The library was in the southwest corner of the house, opening on the south side upon a deep verandah from which wooden steps descended to the shrubbery, and having windows to the west, which overlooked the broad lawn. The latter was enclosed by tall trees. The winding avenue led in a northerly direction to the main road. At the east end of the house, the offices ran out towards the boundary of the Trehearnes' land, and beyond them, among the trees, there was a small yard enclosed by a lattice of wood eight or ten feet high.

The library was the principal room on the ground floor, and was really larger than the drawing-room which followed it along the line of the south verandah, though it seemed smaller from being more crowded with furniture. As generally happens in the country, it had become a sort of common room in which everybody preferred to sit. The drawing-room had been almost abandoned of late, the three Miss Miners being sociable beings, unaccustomed to magnificence in their own homes, and averse to being alone with it anywhere. They felt that the drawing-room was too fine for them, and by tacit consent they chose the library for their general trysting-place and tea camp when they were indoors. Mrs.
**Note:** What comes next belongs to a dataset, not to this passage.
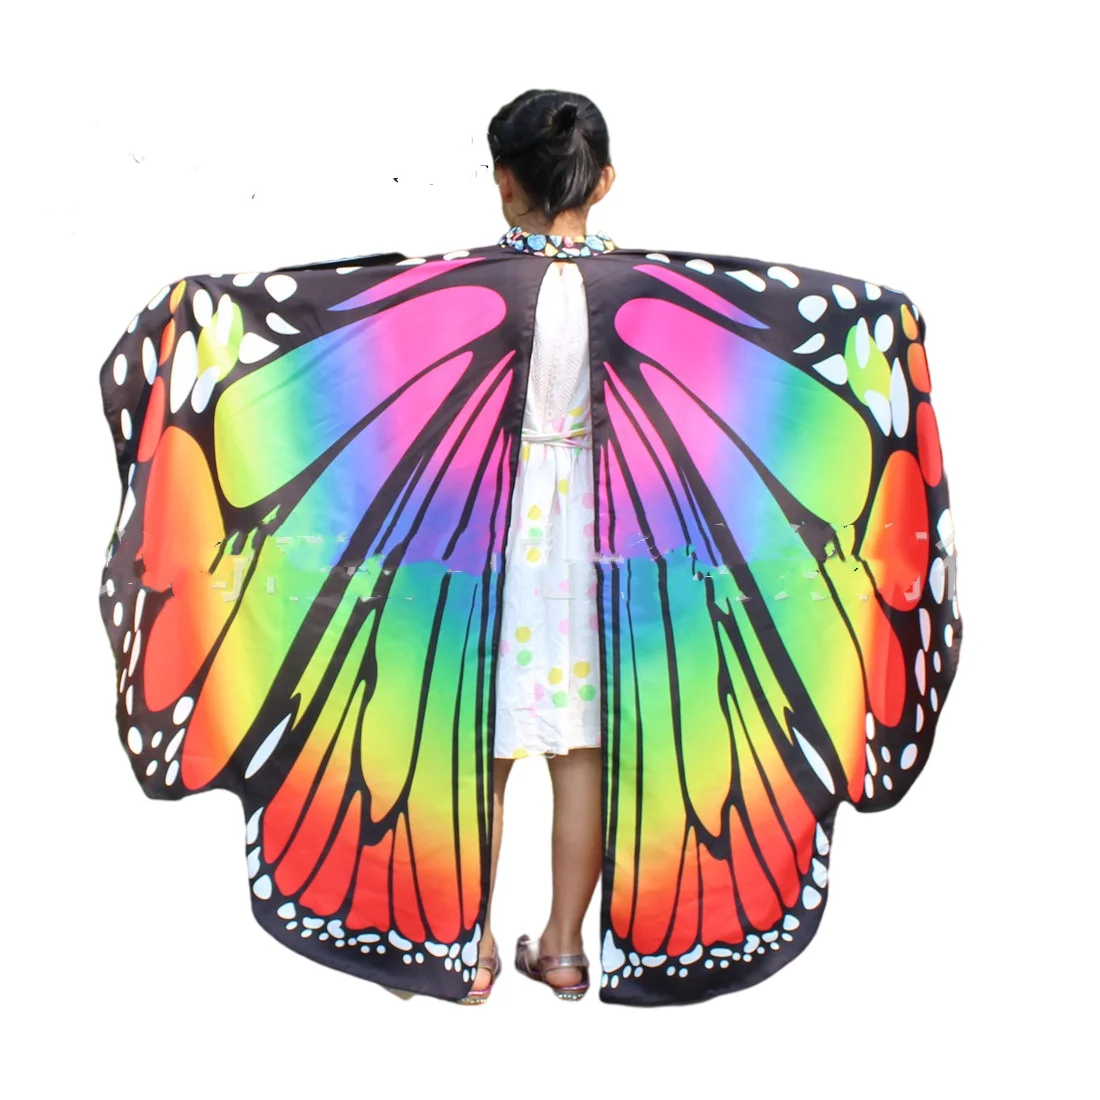 Châle en Tissu Doux avec Ailes de Papillon pour Enfant, Accessoire de Costume de Nymphe, Pixie, Déguisement pour Fille, Imprimé Coloré

Trehearne, who was, perhaps, a little too fond of splendour, would have smiled at the idea as she thought of her gorgeously brocaded reception rooms in New York; but Fanny had simple tastes, like her father, and agreed with her old-maid cousins in preferring the plain, dark woodwork, the comfortable leathern chairs, and the backs of the books, to the dreary wilderness of expensive rugs and unnecessary gilding which lay beyond. For the sake of coolness, the doors were usually opened between the rooms.